**Recorded information:**
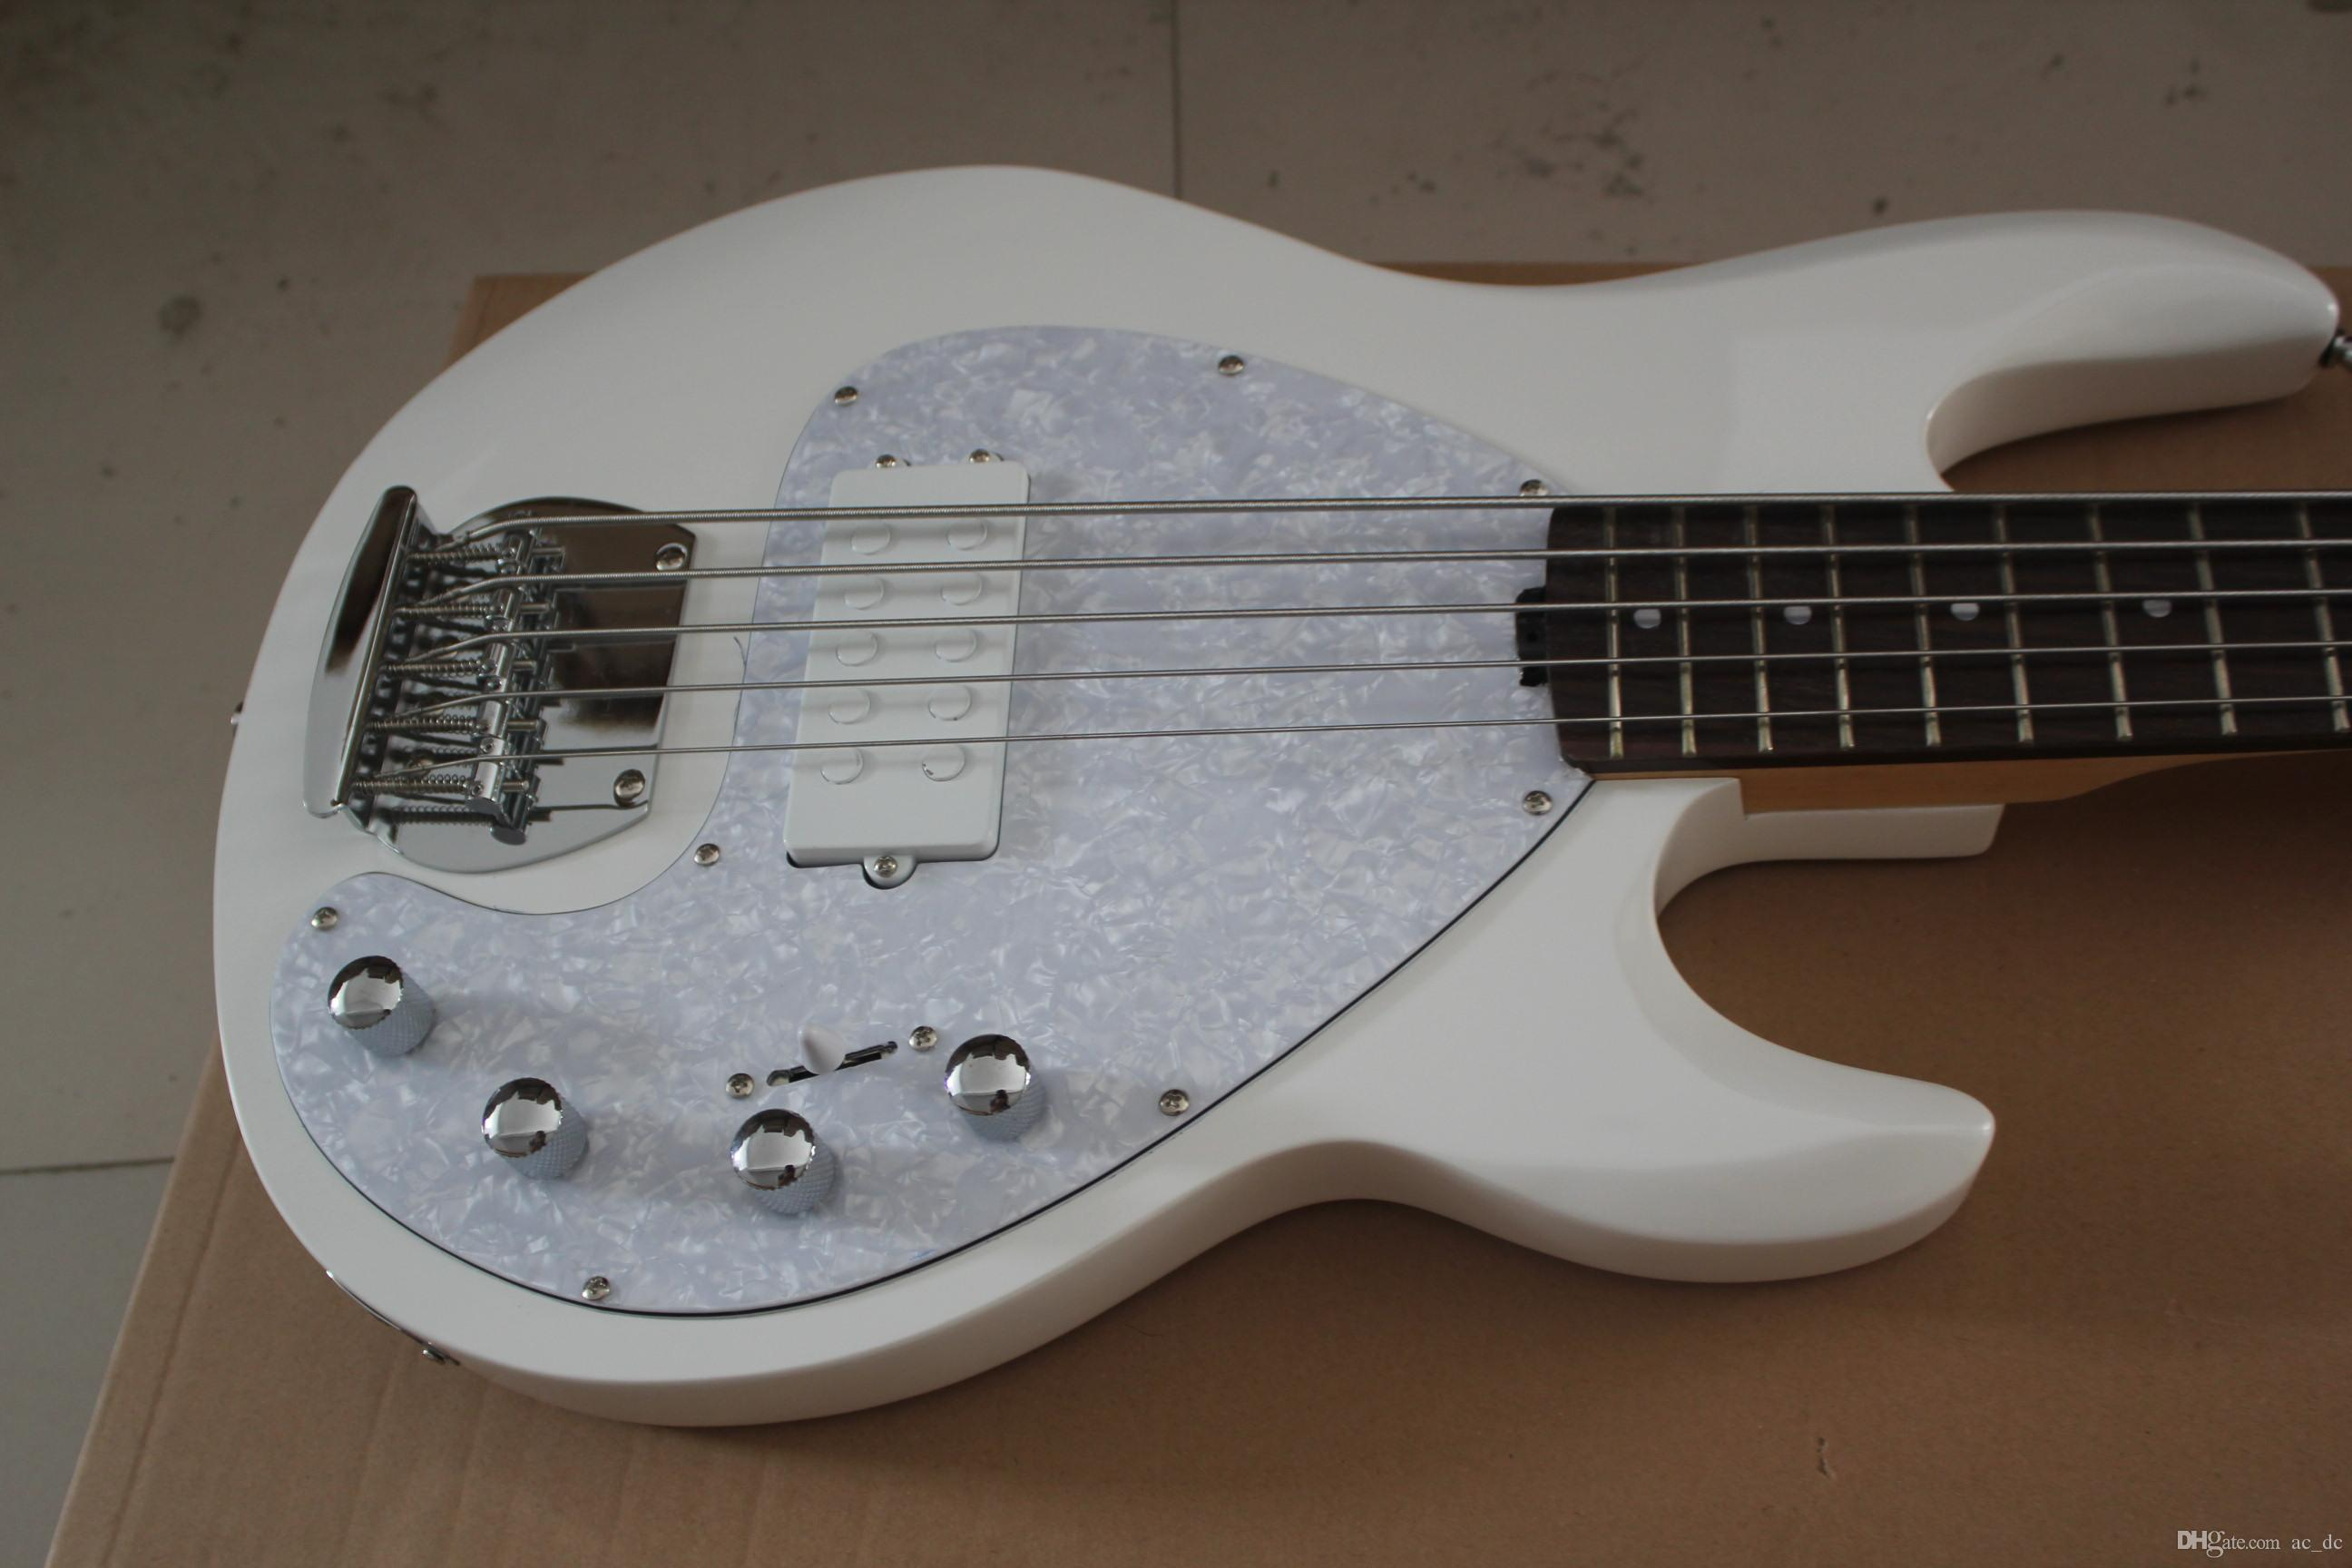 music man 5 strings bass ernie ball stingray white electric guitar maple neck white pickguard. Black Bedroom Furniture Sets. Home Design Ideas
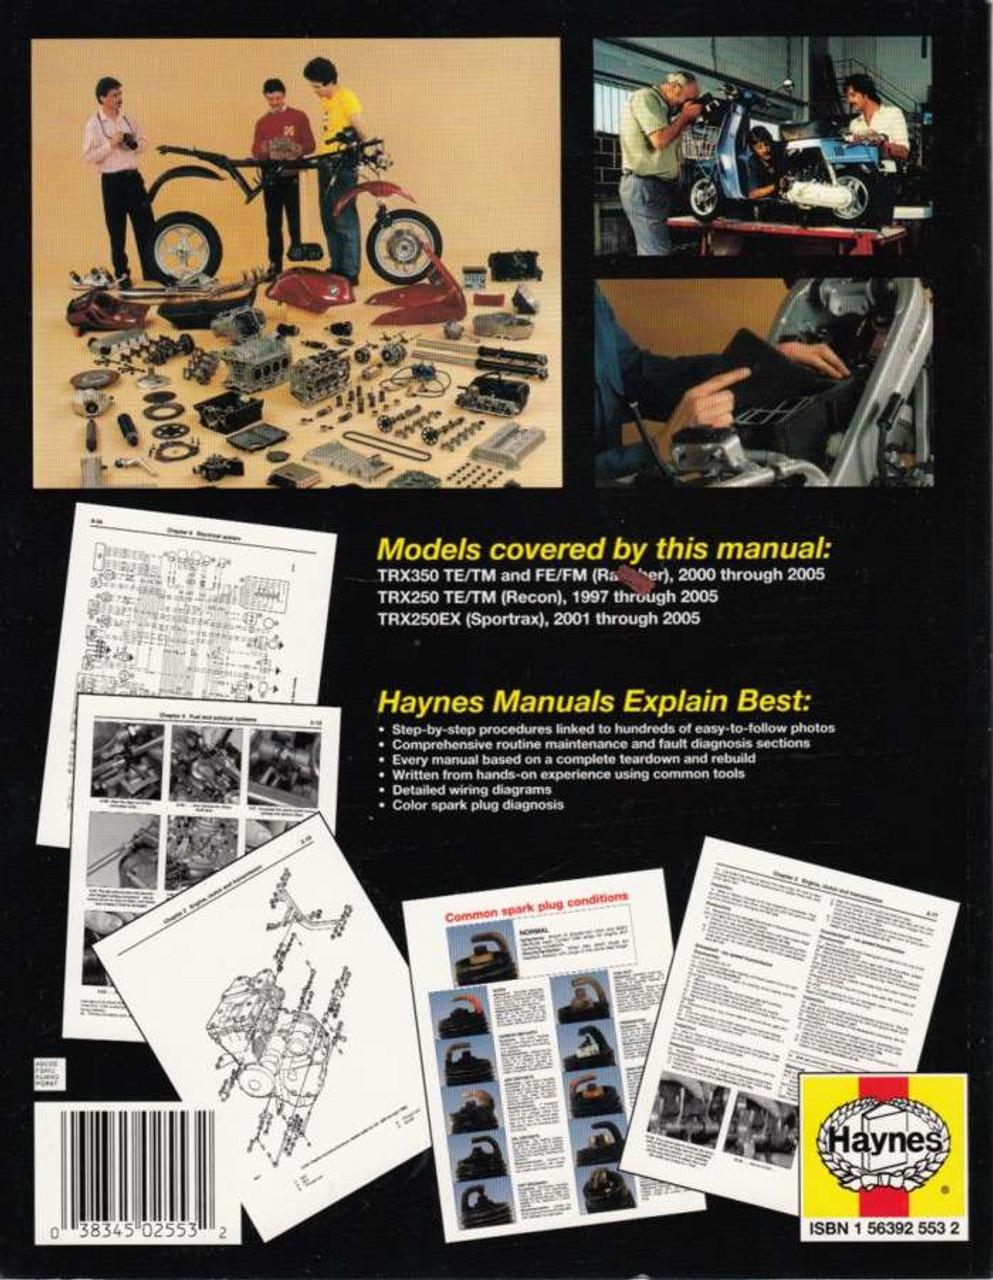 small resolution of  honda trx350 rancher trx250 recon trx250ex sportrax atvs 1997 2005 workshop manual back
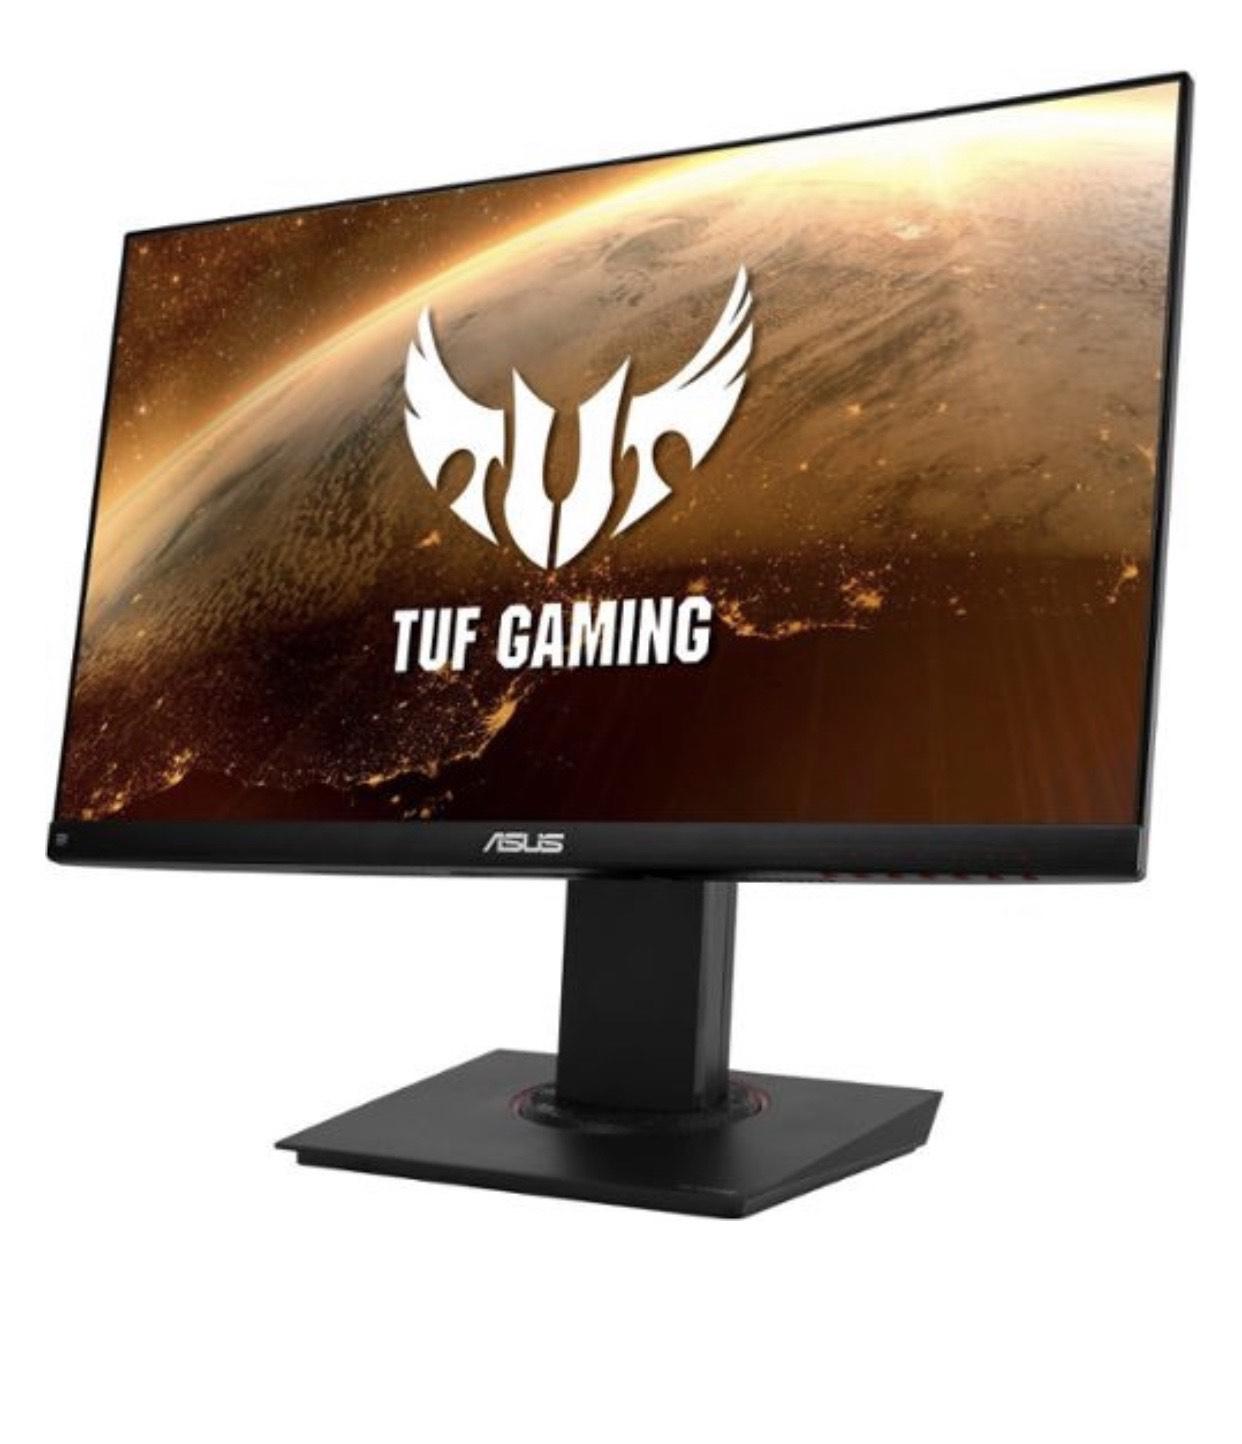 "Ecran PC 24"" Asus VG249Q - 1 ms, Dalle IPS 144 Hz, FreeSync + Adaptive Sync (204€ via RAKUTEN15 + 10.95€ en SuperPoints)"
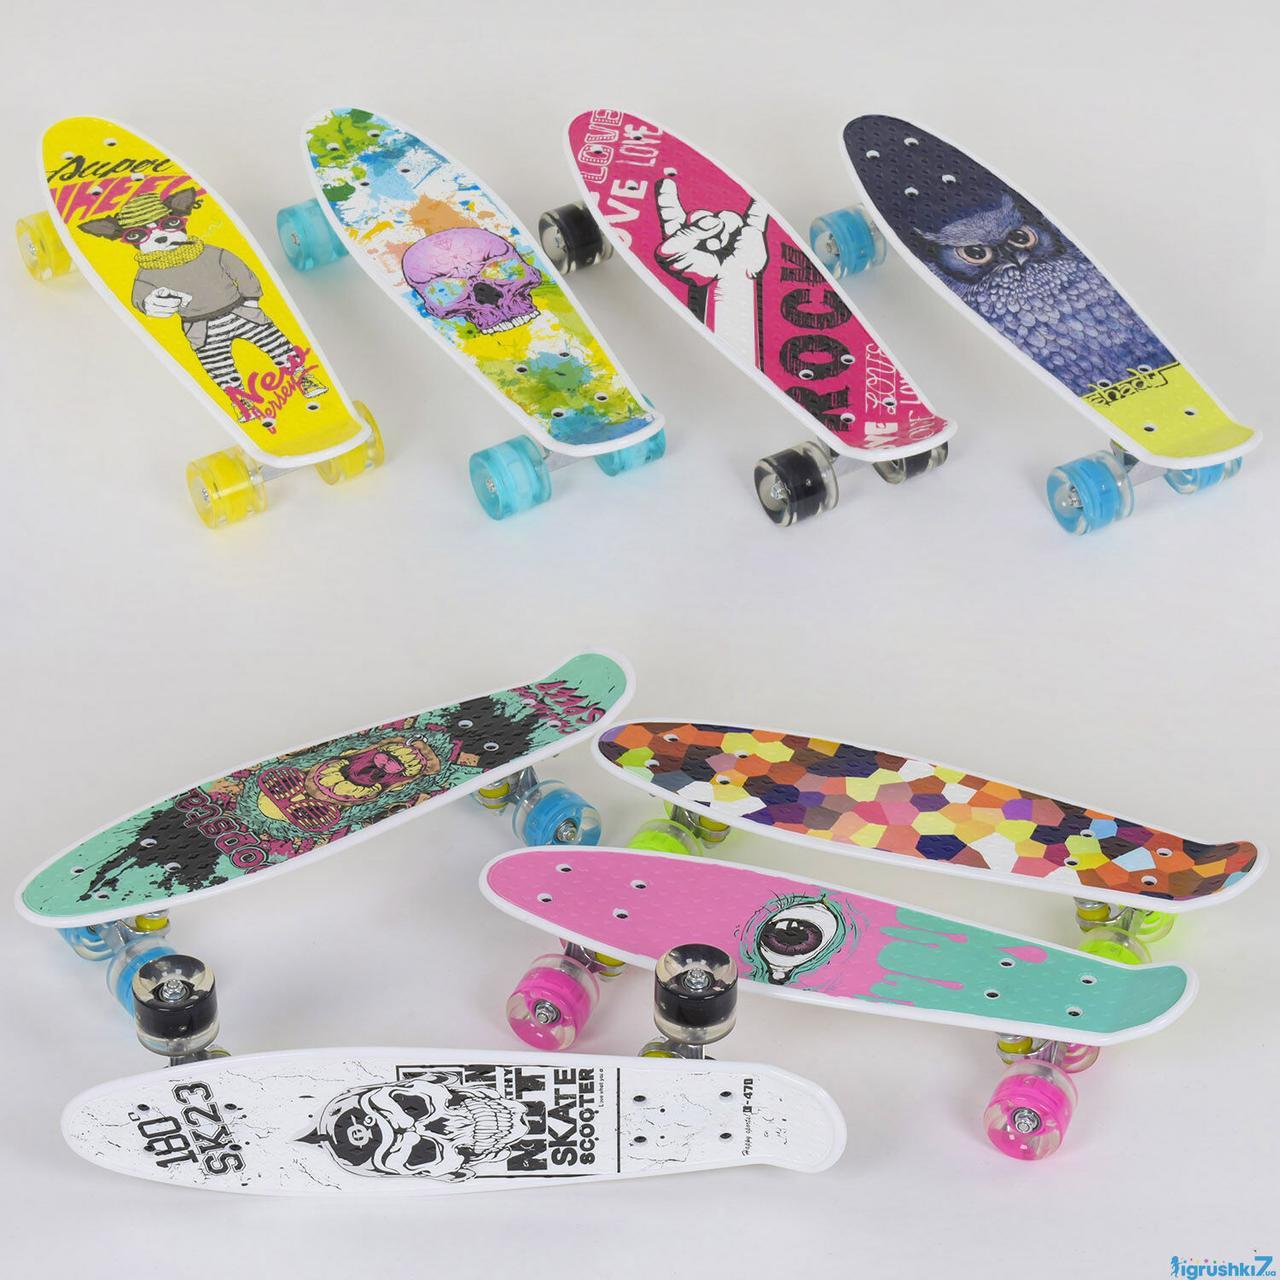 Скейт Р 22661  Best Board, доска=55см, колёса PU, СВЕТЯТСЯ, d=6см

**To do:** What is needed is an exact copy of each line from the top of the data above through the line containing "small resolution of", with no pictures.

**Written solution:**
 music man 5 strings bass ernie ball stingray white electric guitar maple neck white pickguard. Black Bedroom Furniture Sets. Home Design Ideas
 small resolution of  honda trx350 rancher trx250 recon trx250ex sportrax atvs 1997 2005 workshop manual back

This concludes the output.